Why DCMA 14-point, CIOB PP21 and Acumen Fuse SQI each answer a different question, what risk-load readiness actually means, and the specific failure modes that kill a QSRA before the simulation has a chance.

Adam O'Neill19 April 202611 min readPart of Quantitative risk analysis (QRA)

The question DCMA does not answer

Every QSRA practitioner has seen the same pattern. The schedule passes DCMA 14-point — or most of it. The contractor's planner is satisfied. The QRA lead signs it off. The schedule and the risk register load into Safran, the simulation runs, and the output makes no sense. Variance is suppressed. The tornado is shallow. The P80 sits suspiciously close to the deterministic finish. Something is wrong, but nothing in the inputs was obviously broken.

The cause is almost always a category error about what the input checks were testing for. DCMA 14-point was written in 2005 by the US Defense Contract Management Agency as a contract-auditing checklist. It asks: does this schedule pass a generic quality audit? That is a useful question, but it is not the question a QSRA is built to answer. A QSRA asks: given the uncertainty in every activity duration and the risks in the register, what is the range of plausible completion dates? For that to produce a meaningful answer, the schedule has to be prepared for probabilistic analysis — and DCMA does not test for that.

CIOB PP21, published by the Chartered Institute of Building in 2017, is closer to the construction reality but blends schedule quality with process maturity. Scores depend partly on the project management environment around the schedule, not just on the schedule itself. That makes PP21 useful as an organisational benchmark and harder to use as a pass/fail gate for whether a specific schedule is ready for risk-loading. Acumen Fuse SQI, widely used because it ships with the tool, is closed-source and calibrated to Deltek's defaults — it treats every schedule as if it were a QSRA-ready baseline, without distinguishing between a schedule that is structurally sound and one that has been prepared for probabilistic analysis.

None of the three frameworks is wrong. They solve the problems they were designed to solve. But none of them asks the QSRA question directly, and a schedule can pass all three and still be entirely unready for a meaningful Monte Carlo. This is the first thing to accept: a DCMA green light is not a QSRA green light. They measure different things.

What "QSRA-ready" actually means

A schedule is QSRA-ready when the Monte Carlo engine can model it correctly — which means the logic, durations, calendars, constraints, float and scope markers all behave the way the simulation expects. Put differently: every assumption the tool is going to make when it iterates the schedule ten thousand times has to be true. If any of them are not, the variance the simulation produces will be an artefact of the input problems, not a reflection of real programme risk.

At SOMA we decompose QSRA readiness into five weighted domains, each containing specific checks against specific failure modes. The first, Logic Integrity (25% weighting), covers the foundation: missing logic, dangling ends, the mix of finish-to-start and other relationship types, merge hotspots, logic density and relationship direction. If the logic is soft, the Monte Carlo will find it — activities with no predecessors cannot be risk-driven, activities with no successors create stranded variance, and unusually high merge-node density produces "merge bias" where the simulation over-counts the compounding effect of parallel risks.

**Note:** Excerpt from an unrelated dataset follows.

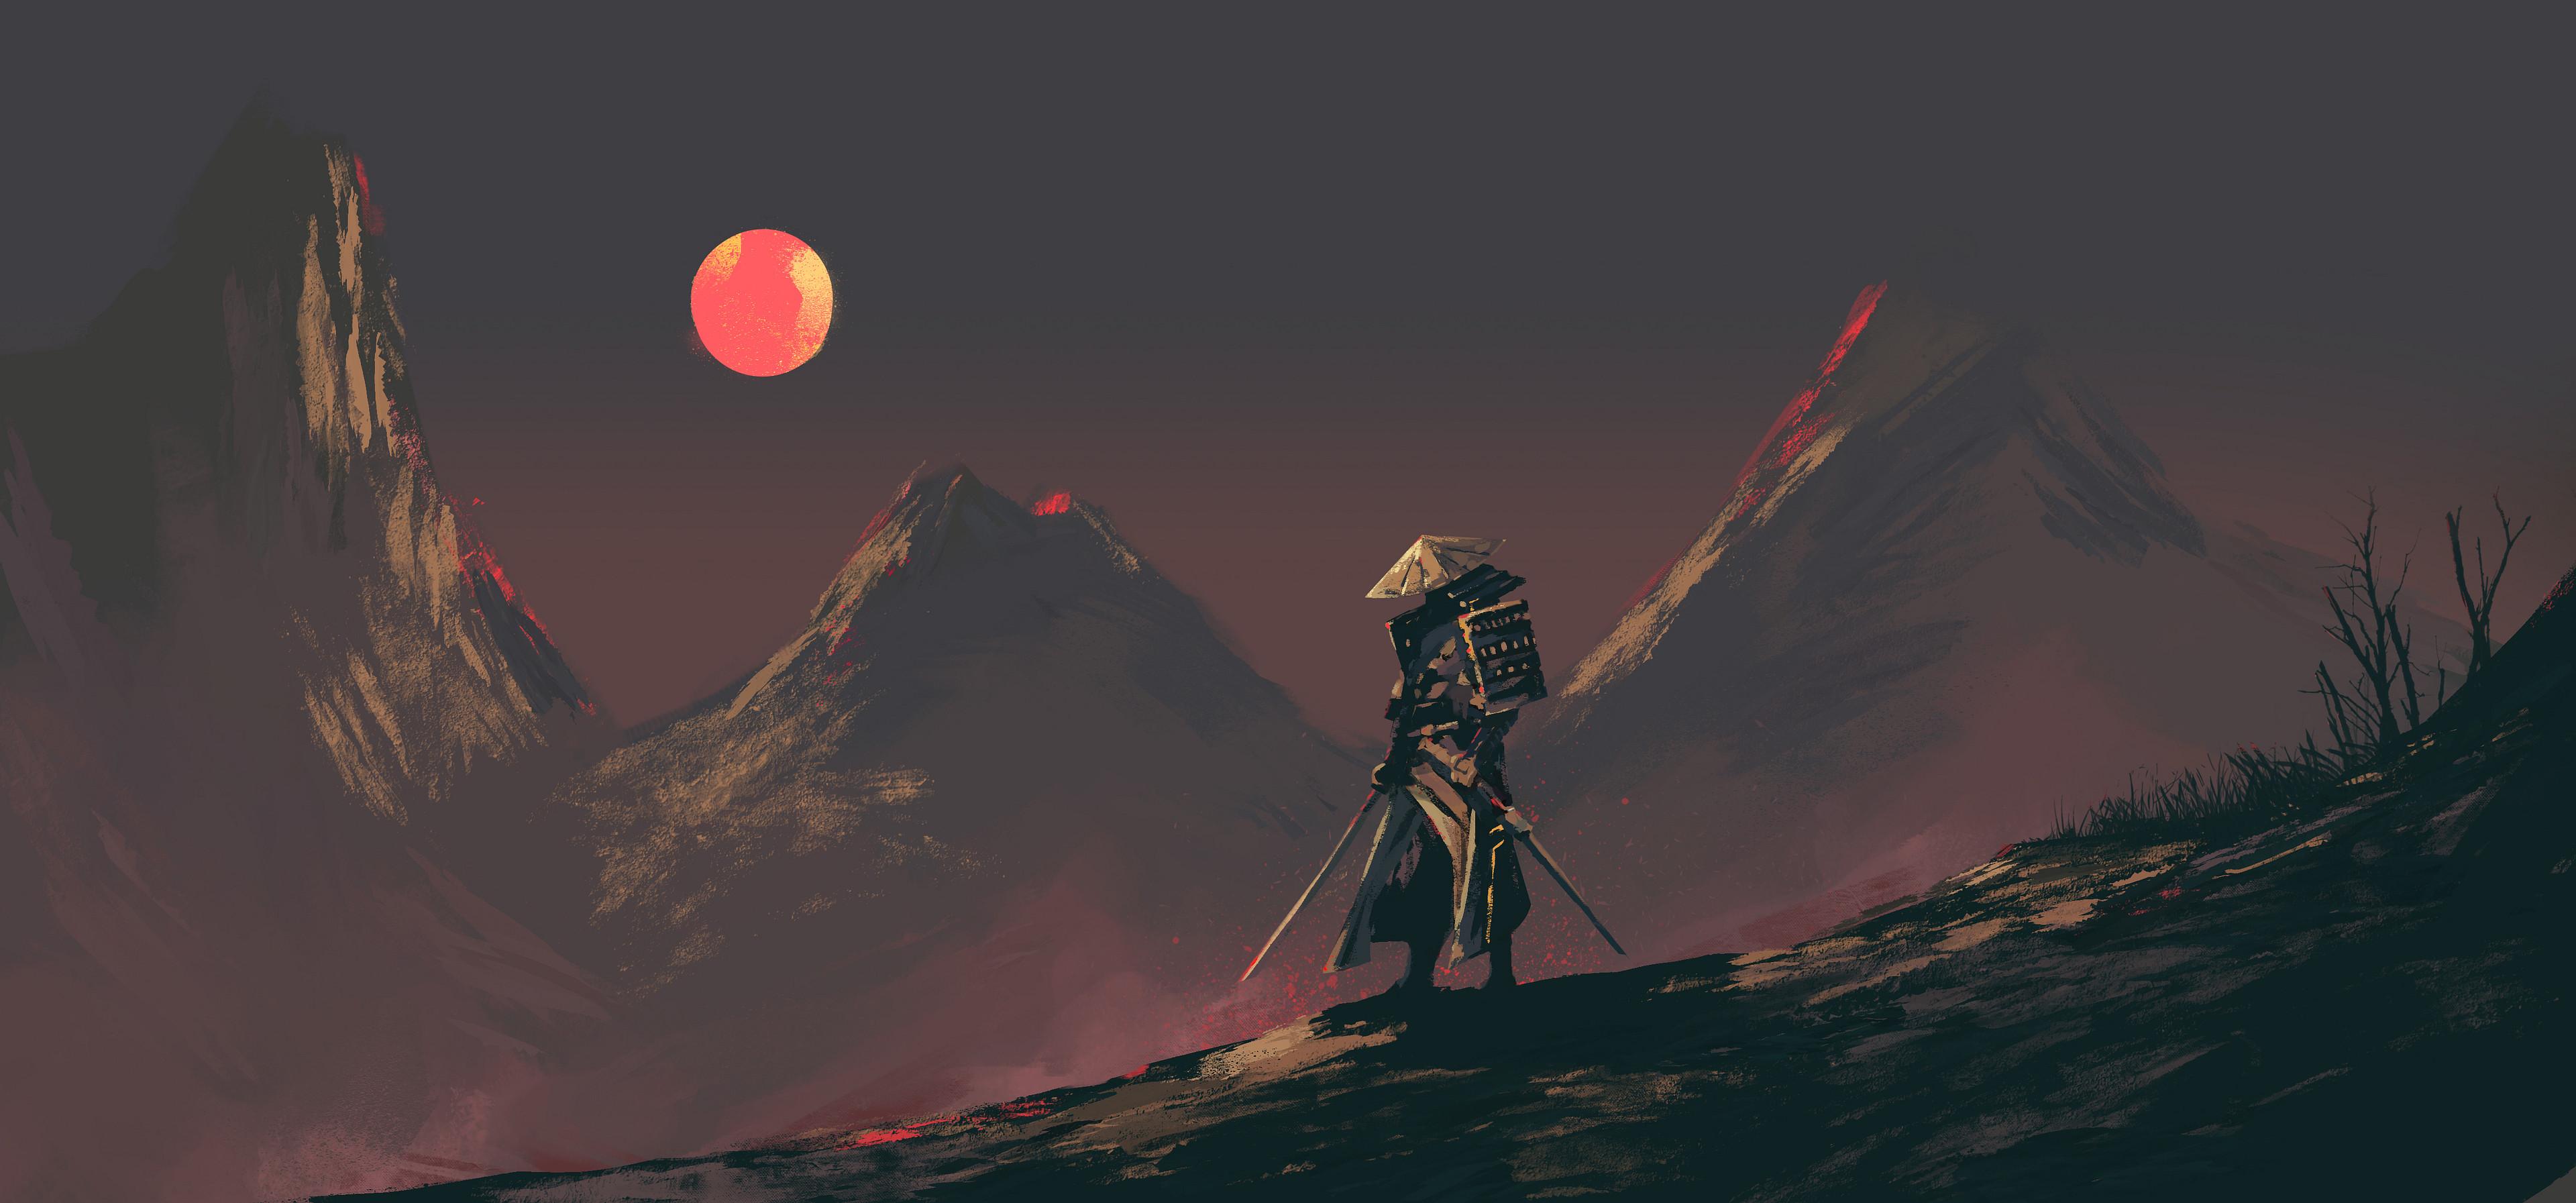 General 3840x1793 digital art landscape samurai Moon mountains night Xavier Cuenca artwork starry night ArtStation sky

The second domain, Duration Health (20%), asks whether the activities can carry risk sensibly. Very-high-duration activities (say, over 90 working days) are usually summary activities disguised as detail — giving them a three-point range spreads risk over a bucket, not over a real operation. Zero-duration activities that are not milestones (a common XER import artefact) produce zero-variance points that mask real risk. Duration distribution tells you whether the schedule is padded, whether it is overly granular at one tier and coarse at another, and whether the activities look planned or guessed.

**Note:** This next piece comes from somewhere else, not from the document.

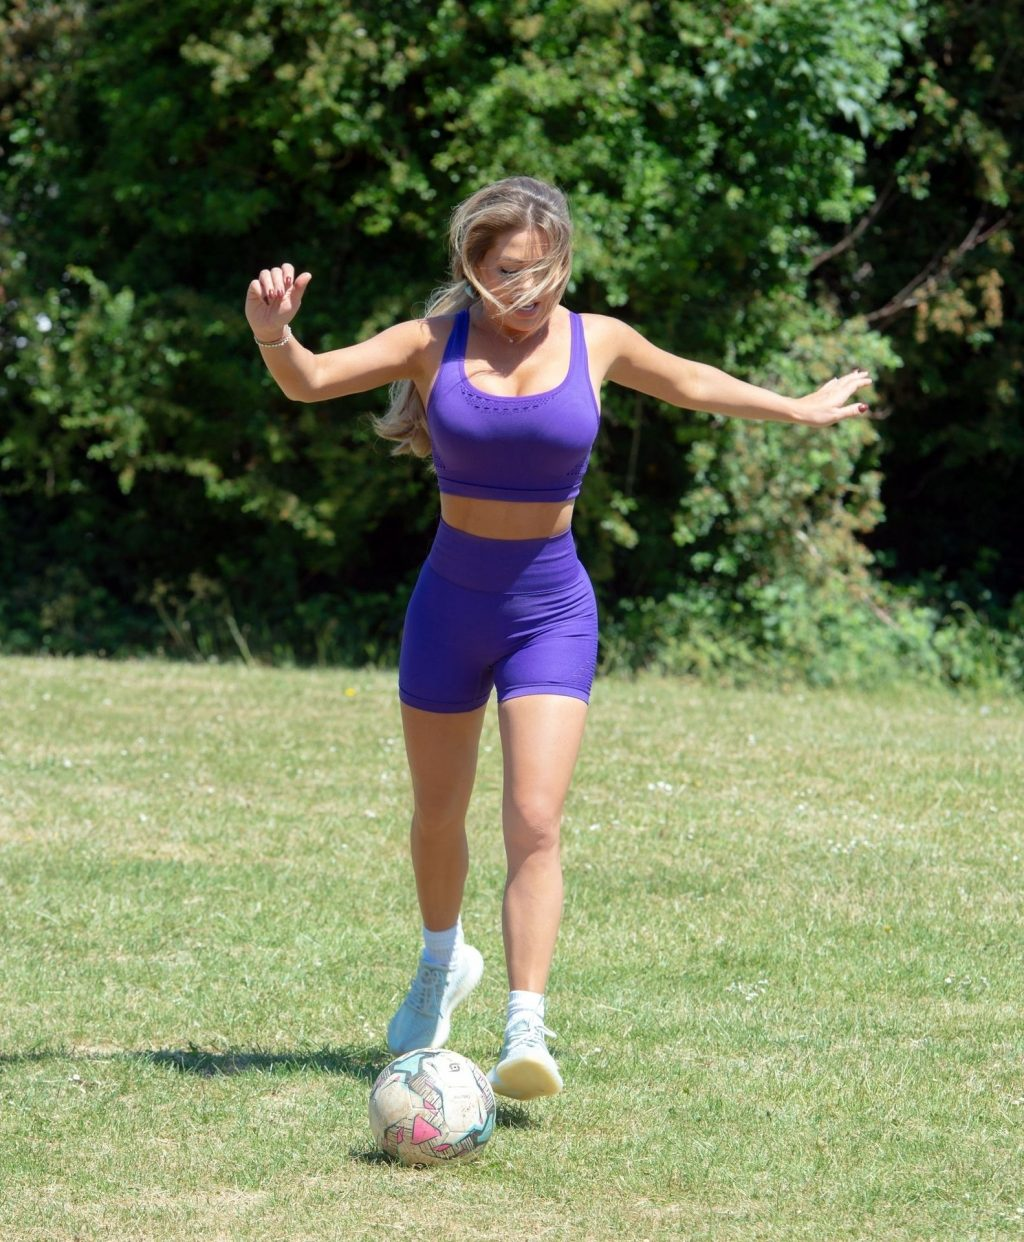 Bianca Gascoigne Shows Off Her Impressive Balls Skills in a Purple Two-piece (9 Photos)

The third, Constraints & Calendars (15%), covers the silent levers that distort the critical path. Hard constraints — start-on, finish-on, must-finish — override logic; the Monte Carlo cannot push through them. A schedule with dozens of hard constraints will produce simulations where the critical path is not real, because the constraints are holding it in place. Calendar assignments that are inconsistent across connected activities break duration calculations. Milestones with missing or wrong calendar assignments show up as phantom criticality.

The fourth, Float & Critical Path (20%), asks whether the critical path is credible and whether float is honest. Extremely long critical paths, negative float, unusual volumes of high-float activities, float distribution skewed either way, and broken ERMHDR records (the XER header that tells Safran about calendars and resources) all break the risk model in ways the simulation will not flag — it will just produce confident-looking output that is not trustworthy.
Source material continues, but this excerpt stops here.